AUD/JPY experiences a temporary retreat around 94.20 ahead of PBOC and PMIs data
AUD/JPY faces resistance at 94.20; nonetheless, the upside remains supported ahead of PBOC. The publication of job layoffs by the Australian economy had little effect on aussie bulls. The S&P PMI statistics will be of the utmost importance moving forward.

In the early Tokyo session, the AUD/JPY currency pair detected temporary exhaustion in the uptrend near 94.20. The risk barometer has exhibited a strong open-drive movement as the asset has climbed sharply since the beginning of today's trading session. As investors anticipate a dovish tone from the People's Bank of China, the short-lived obstacle is anticipated to vanish sooner (PBOC).
Notable is the fact that Australia is China's biggest trading partner. Consequently, the antipodean will benefit from the PBOC's loose monetary policy. Increased liquidity in the Chinese economy will boost Australian exports and improve the country's fiscal balance sheet.
Despite a severe decrease in the Australian Employment Change, the Aussie bulls defended their position last week. Instead of the anticipated increase of 25,000 jobs, the Australian Bureau of Statistics recorded a reduction of 40,9k. However, the Unemployment Rate was revised downward to 3.4% from the previously reported 3.5%.
In contrast, despite a rise in the National Consumer Price Index, yen bulls failed to exhibit any buying activity (CPI).

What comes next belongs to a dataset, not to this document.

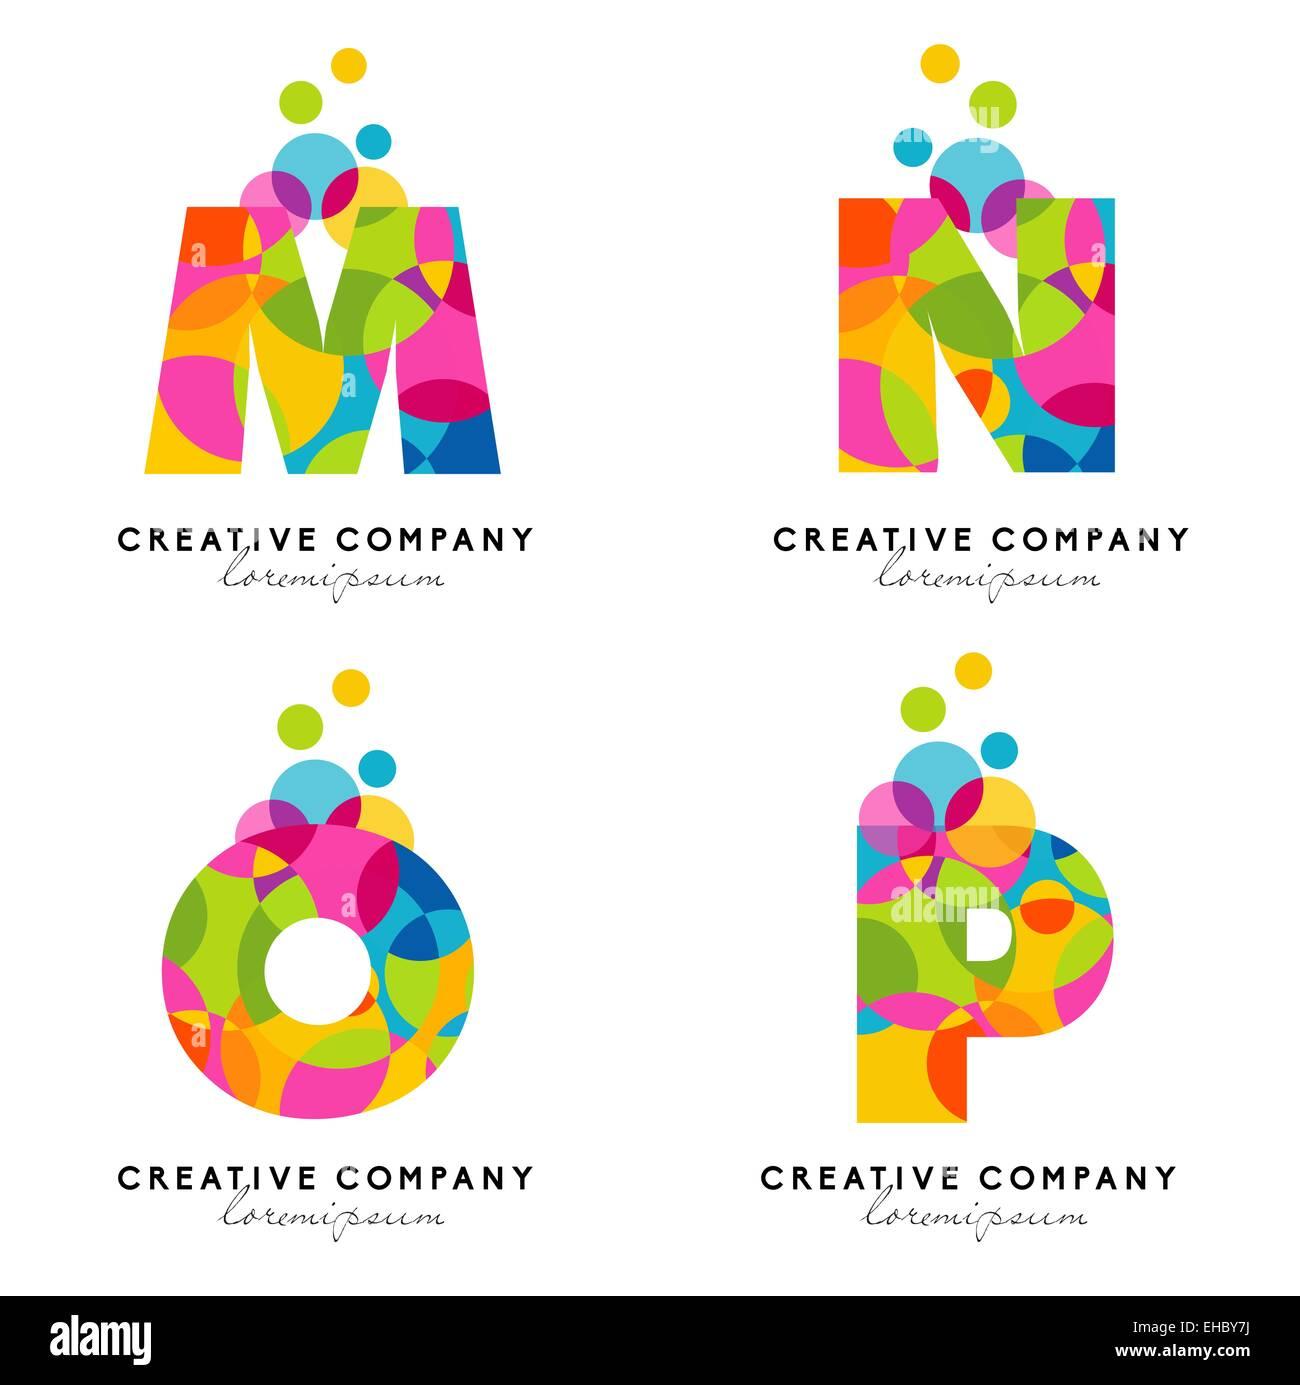 Alphabet Letters Design Stock Photos Alphabet Letters Design Stock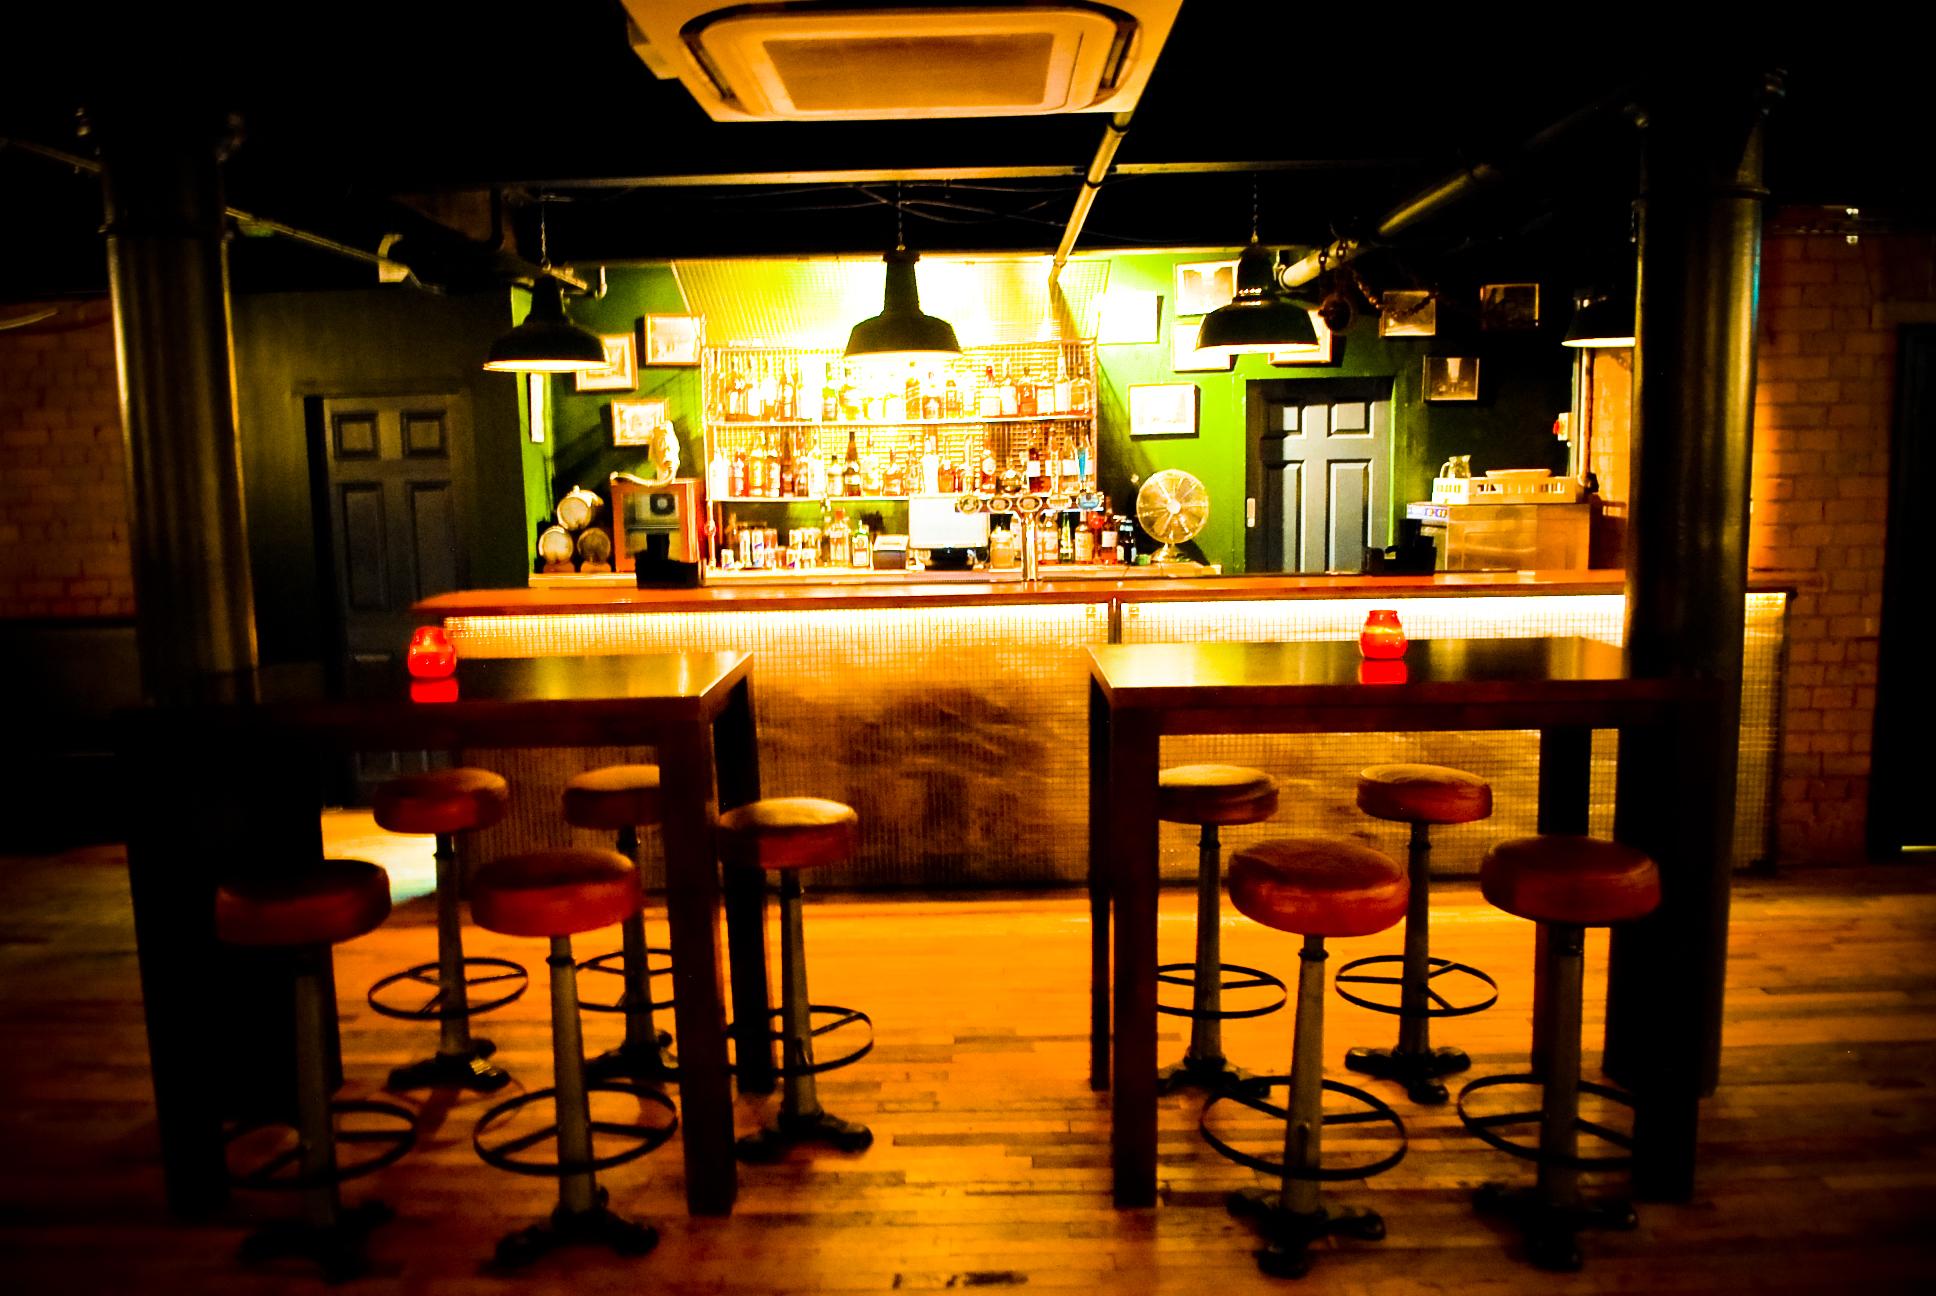 Whiskey-Jar-basement-34-of-42.jpg

The economic statistics came in at 2.6%, exceeding both the consensus estimate of 2.2% and the previous reading of 2.4%. Sustained inflation above 2% may push the Bank of Japan (BOJ) to adopt a neutral stance in the near future.
IHS Markit's S&P Purchase Managers Index (PMI) data will be of the utmost importance moving forward. The Australian Manufacturing PMI and Services PMI are anticipated to rise to 57.3 and 54, respectively. While the Japanese Manufacturing and Services PMIs may rise to 51.8 and 50.7, respectively, in the near future.